Beyond broader political statements, much of this album reckons with the practical ramifications of being an artist. The plainest example is the song “PAY ME IN PAIN,” a metaphorical map of everything KJADE has sacrificed for her career, with references to “splitting shins since the first grade” and the like. Set up as a victory lap with brassy horns opening the track, she highlights what she is and isn’t willing to give up, denouncing selling out first and foremost. Pain for profit is a common trope in rap music, something KJADE has a very practical reasoning for. She said very plainly, “I find a value in transmuting the hardships I’ve collected into something meaningful… My personal job as an artist is simply reporting my experience and defining what makes this current headspace of mine worthwhile until it develops and my life moves on. It’s just natural.” This motif translates into that of sacrifice as well, one you hear in lines like, “If I die before I wake, I will still be me.” However, in the age of musical artists as people versus their persona, KJADE had little interest in engaging with her alter ego, besides these brief allusions. Very wisely, she mentioned, “Open Mike Eagle [the rapper and producer] shared an observation the other day… ‘You don’t hear so often these artists request of their listeners to separate them from their art. It’s definitely a voluntary response.’ A lot of average people do this to grapple with the discomfort when feeling the distance between someone’s contributions to society and their personal politics. That’s nothing I expect of my listeners as someone who makes art that is naturally political.”

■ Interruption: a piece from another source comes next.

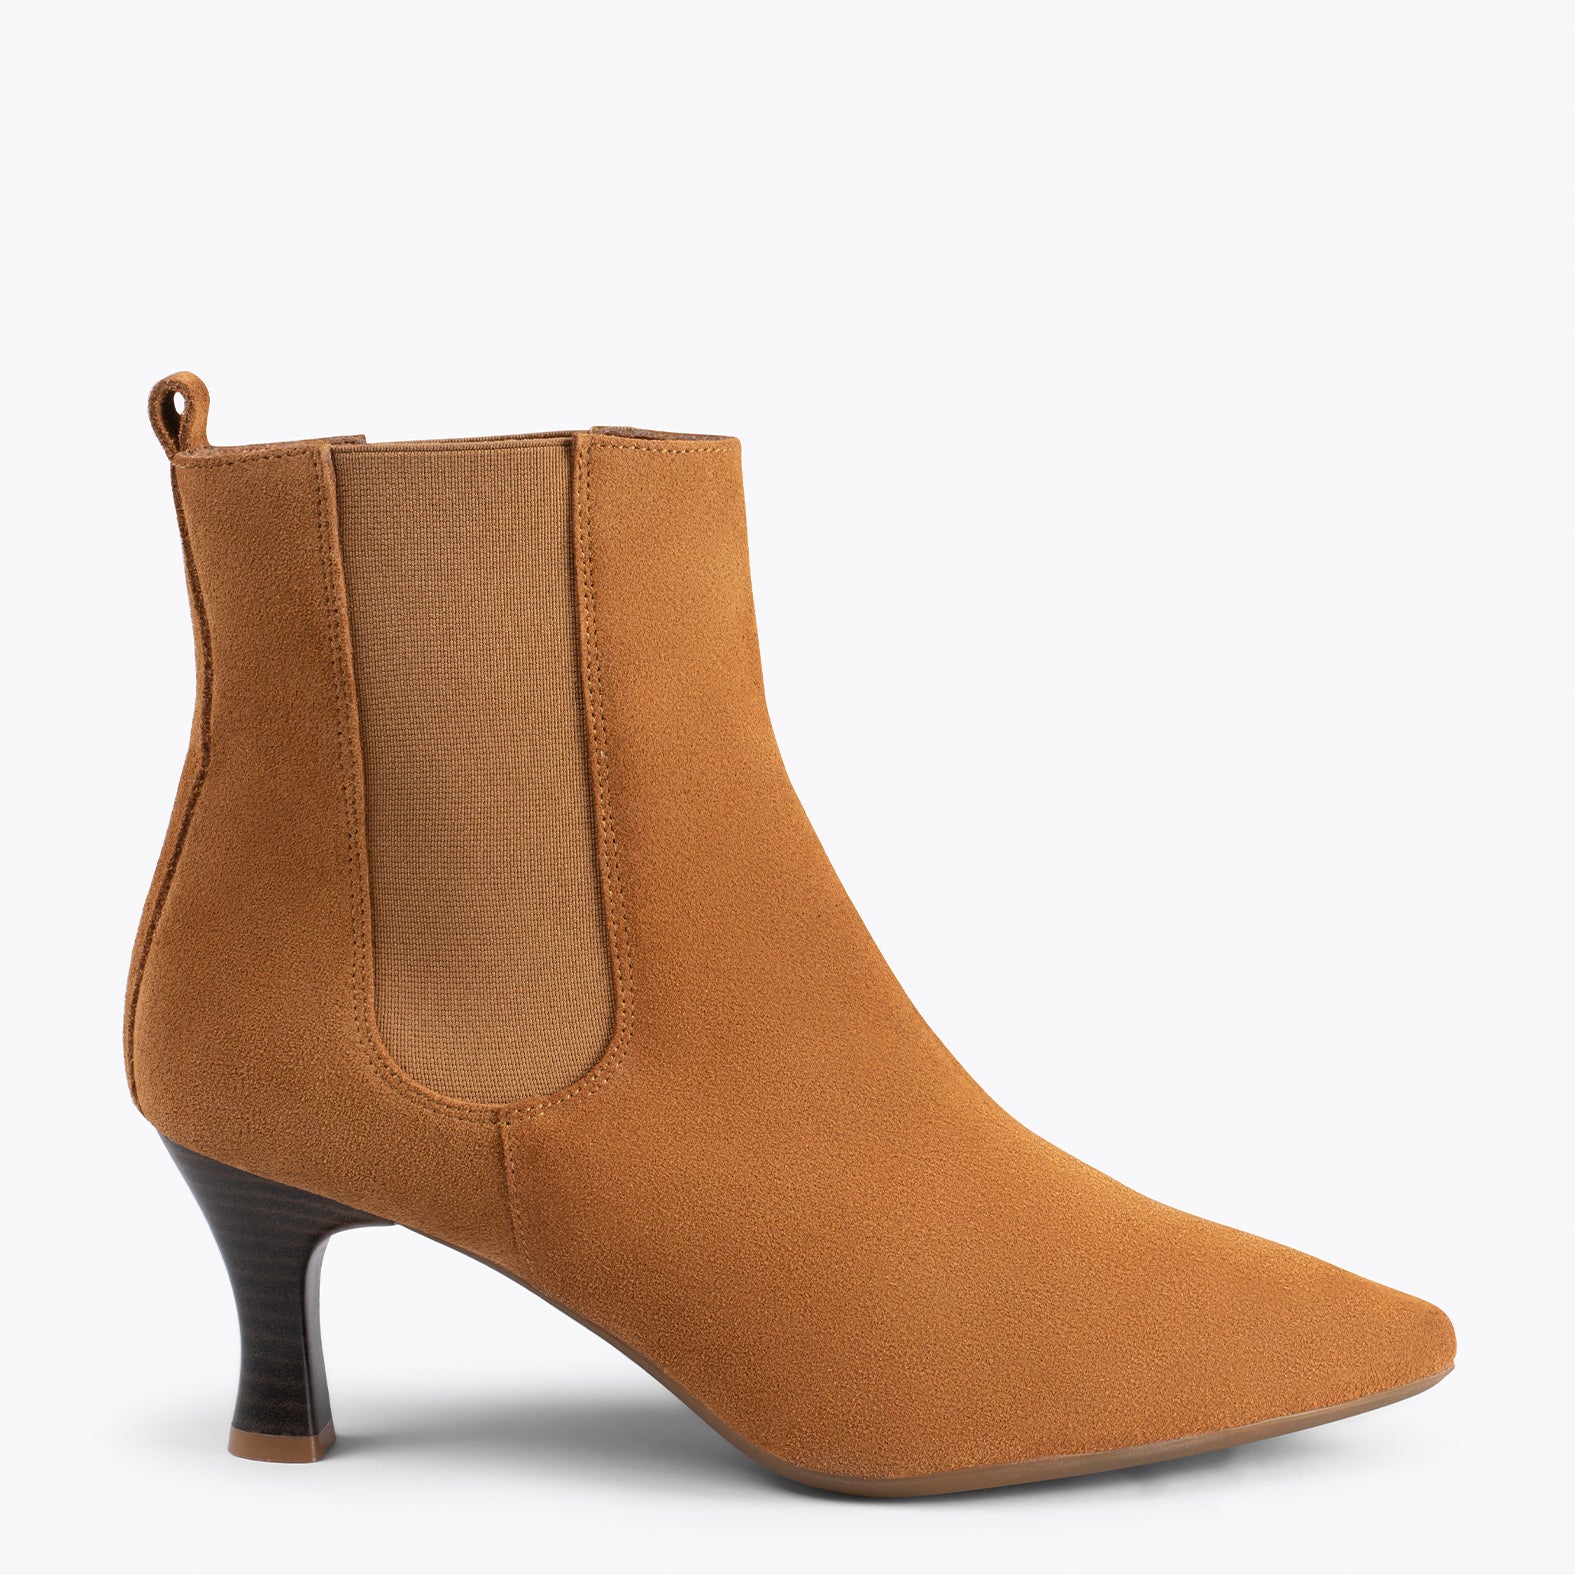 CHIC – CAMEL chelsea high heel booties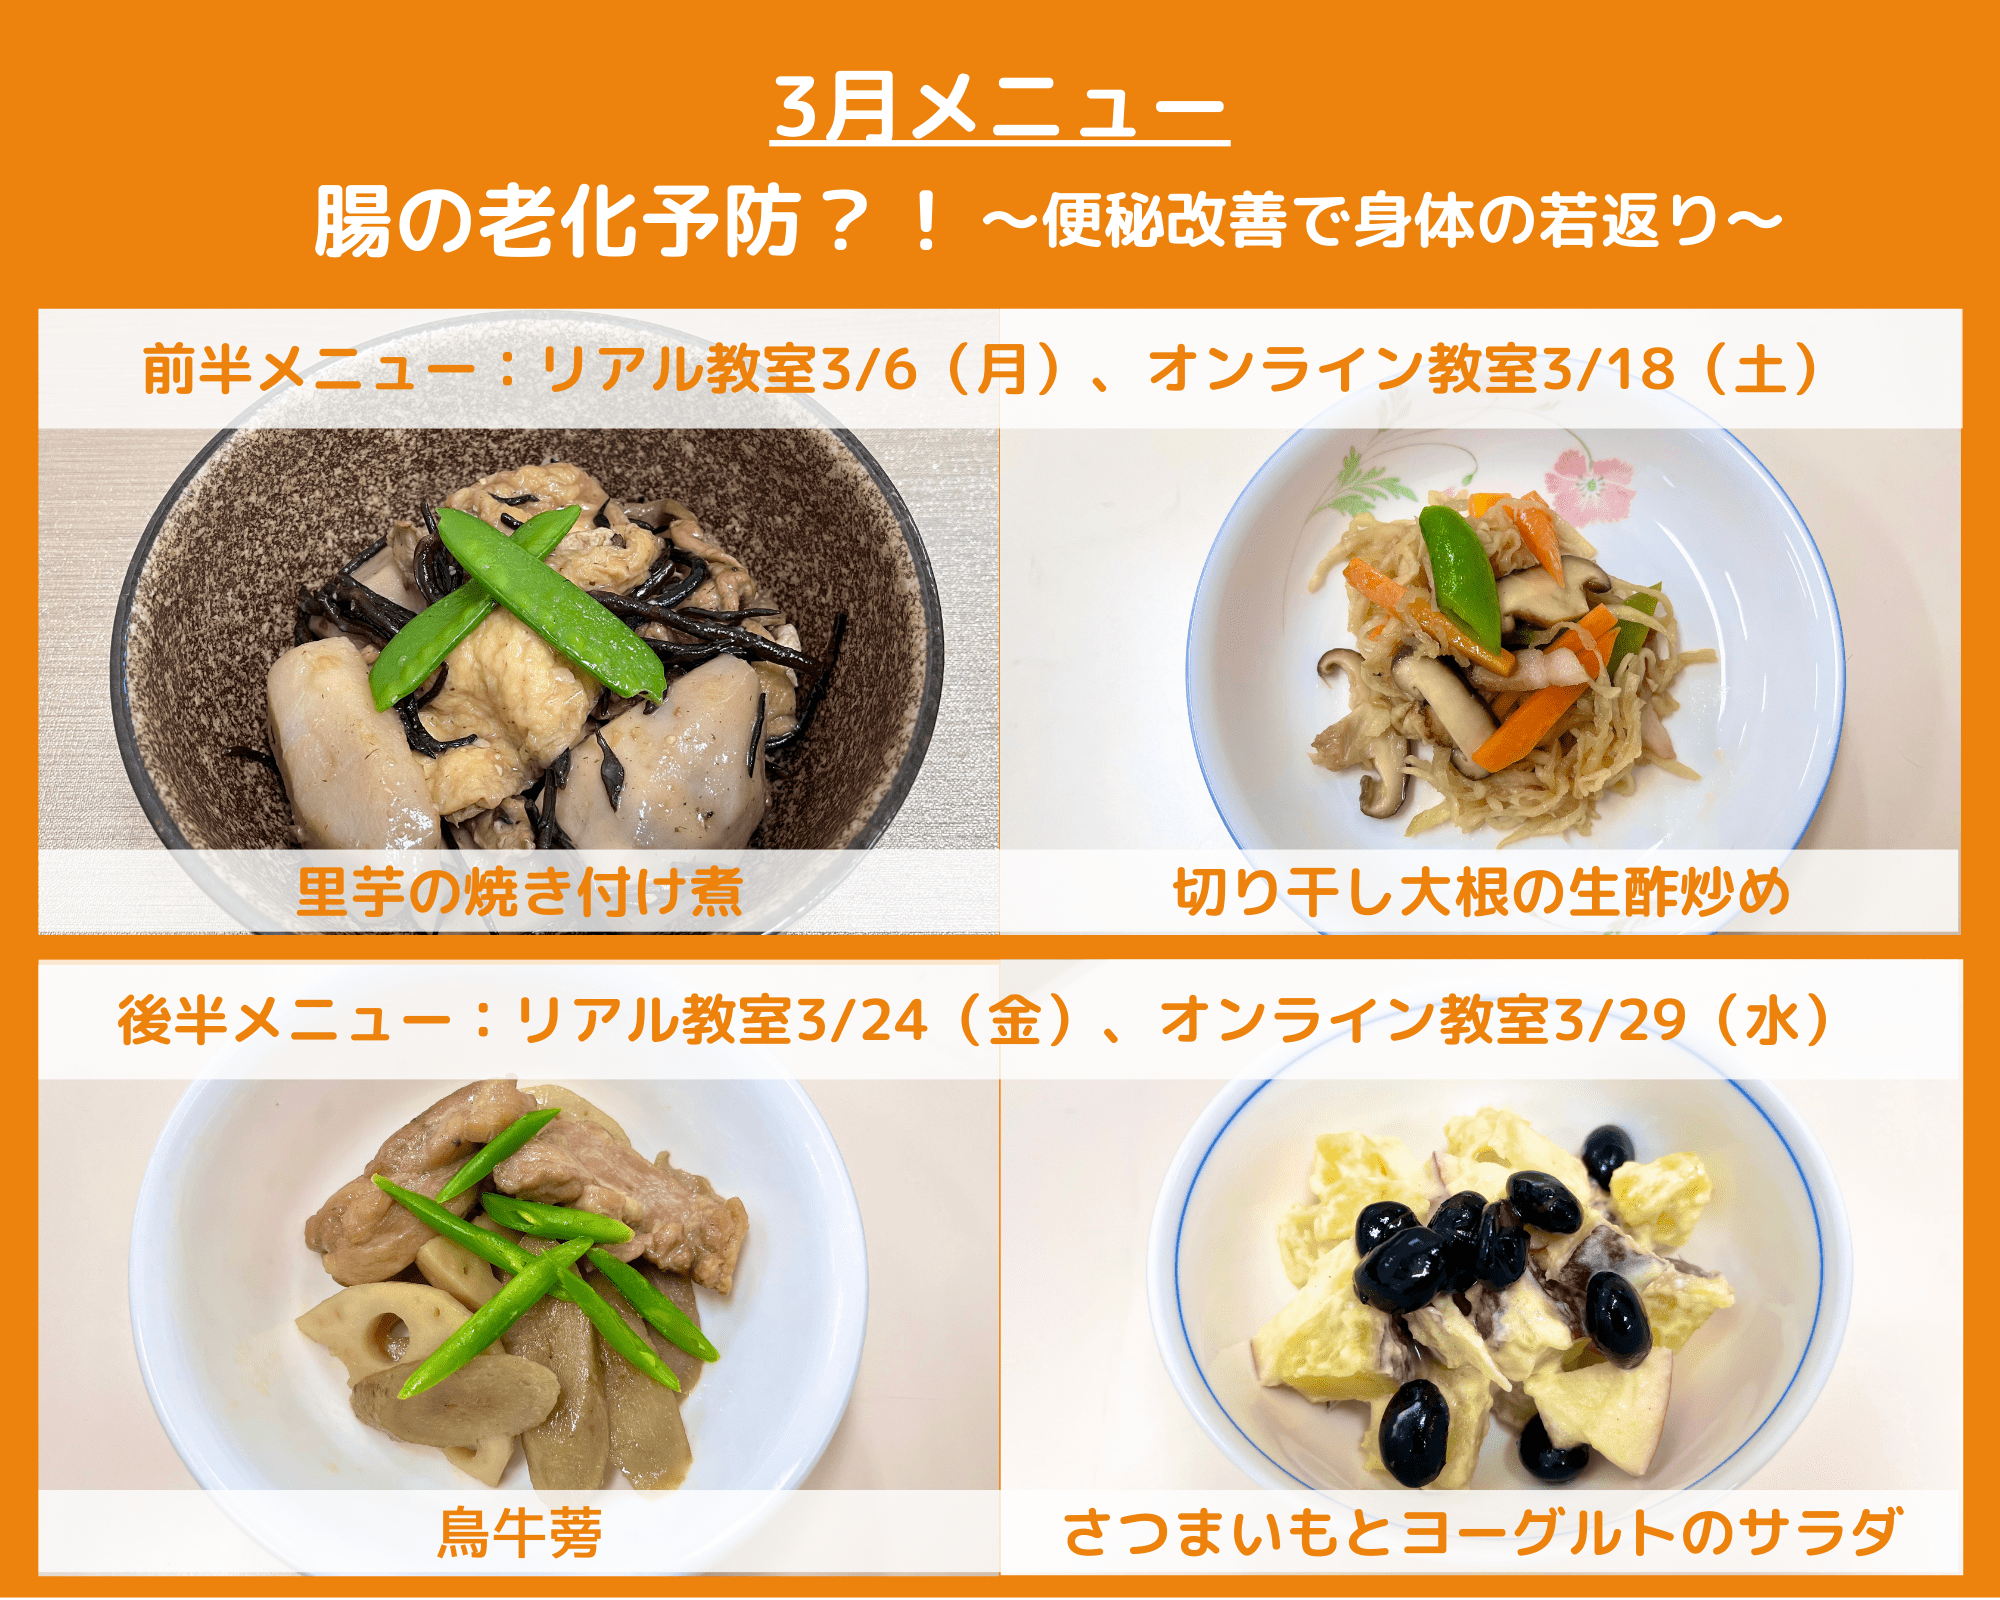 【タクミキッチン】HP用メニュー-min

While this project delves into the uncomfortable, it is at its core an expression of KJADE finally feeling at ease when it comes to her self-expression. The sound feels like the distillation of KJADE’s very being, with the focus on creating a laidback ambiance rather than recognition. This is seen in the way the album itself was produced, with reverbed samplings of R&B and faded voice notes sprinkled throughout—a direct result of the development of KJADE’s mindset: “I feel like I can finally say I’m walking into soundscapes that are more relevant to me. My most recent album was approaching that, but with what I’m making now, I feel like I’ve caught up to a version of myself that I’ve only seen in my mind.” This new version is encapsulated in the passion KJADE has throughout On Everything I Love. But this passion doesn’t alienate. Instead, it’s conveyed with KJADE’s unique kind of levity, begging listeners to be brought into the fold. She explained it best herself, telling me, “The last joint elementally was so earth and water. This, to me, is pretty fiery and airy. [It] fully made space for a more colorful side of me that I don’t even think has fully come out yet, but definitely clears the air and rolls the rug to show out for my next thing.”